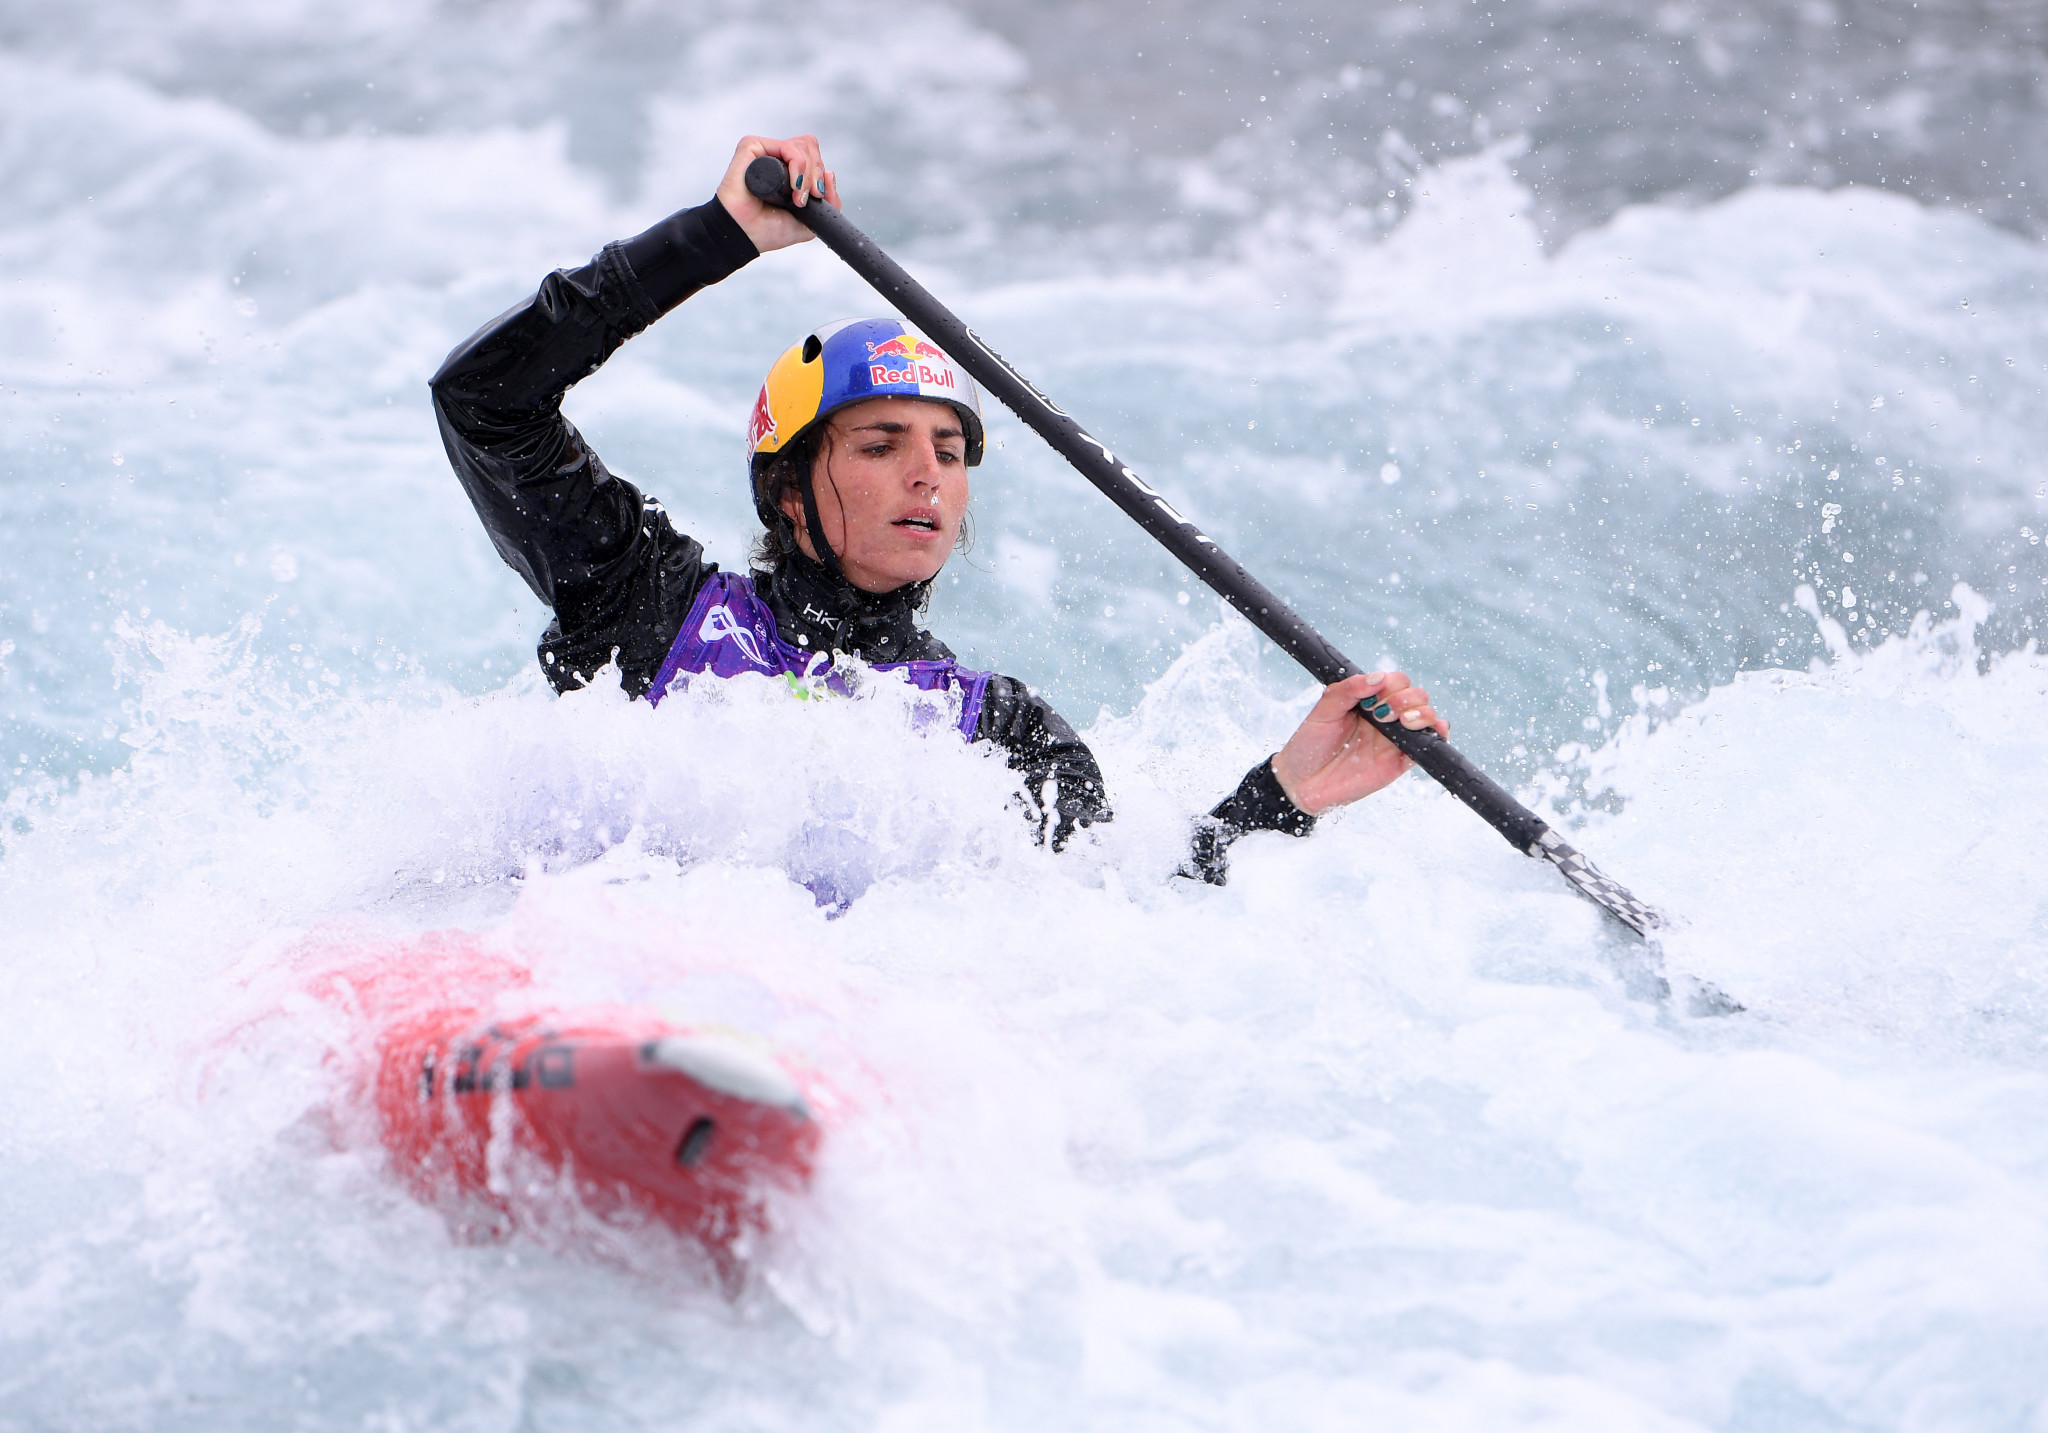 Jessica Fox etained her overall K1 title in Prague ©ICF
...
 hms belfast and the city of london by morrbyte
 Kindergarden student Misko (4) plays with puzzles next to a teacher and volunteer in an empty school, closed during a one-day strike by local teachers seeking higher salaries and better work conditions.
...
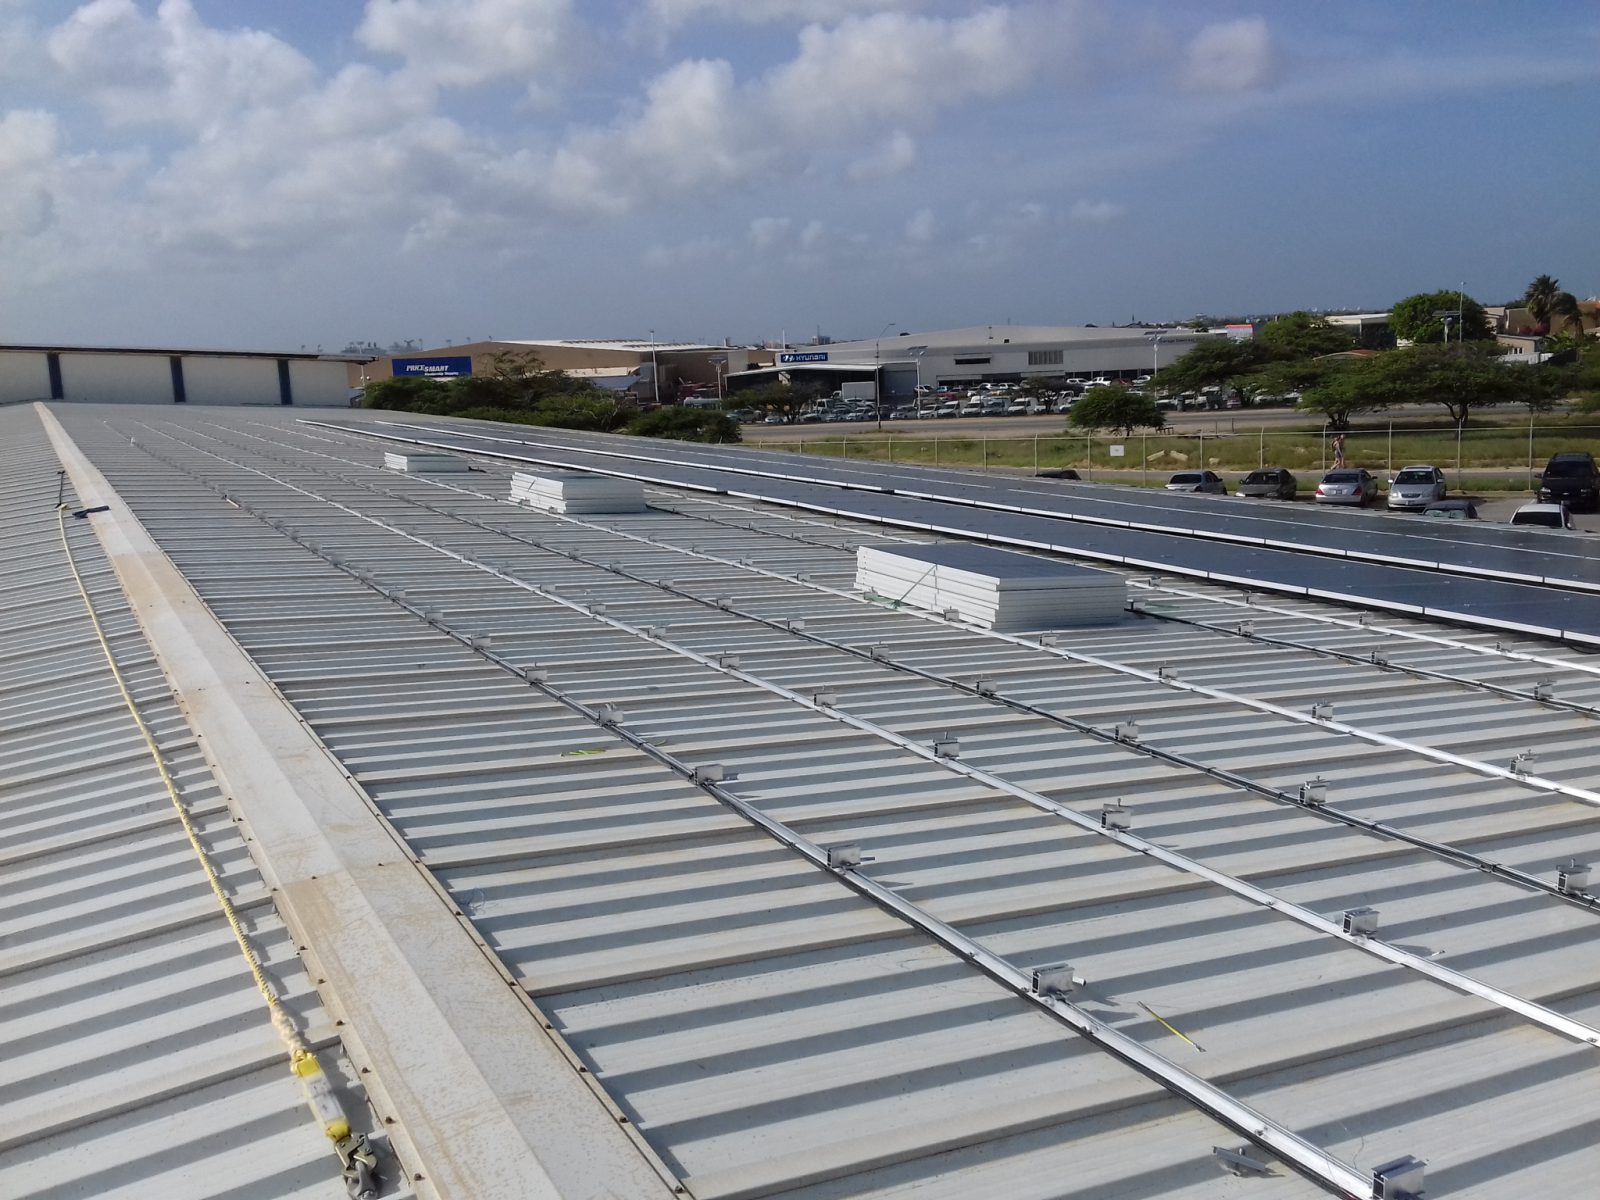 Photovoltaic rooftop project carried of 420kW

Action item: Look above for the line with "hms belfast and" and the line with "Kindergarden student Misko", and reproduce exactly those two lines plus every line between, nothing more.

Response:
 hms belfast and the city of london by morrbyte
 Kindergarden student Misko (4) plays with puzzles next to a teacher and volunteer in an empty school, closed during a one-day strike by local teachers seeking higher salaries and better work conditions.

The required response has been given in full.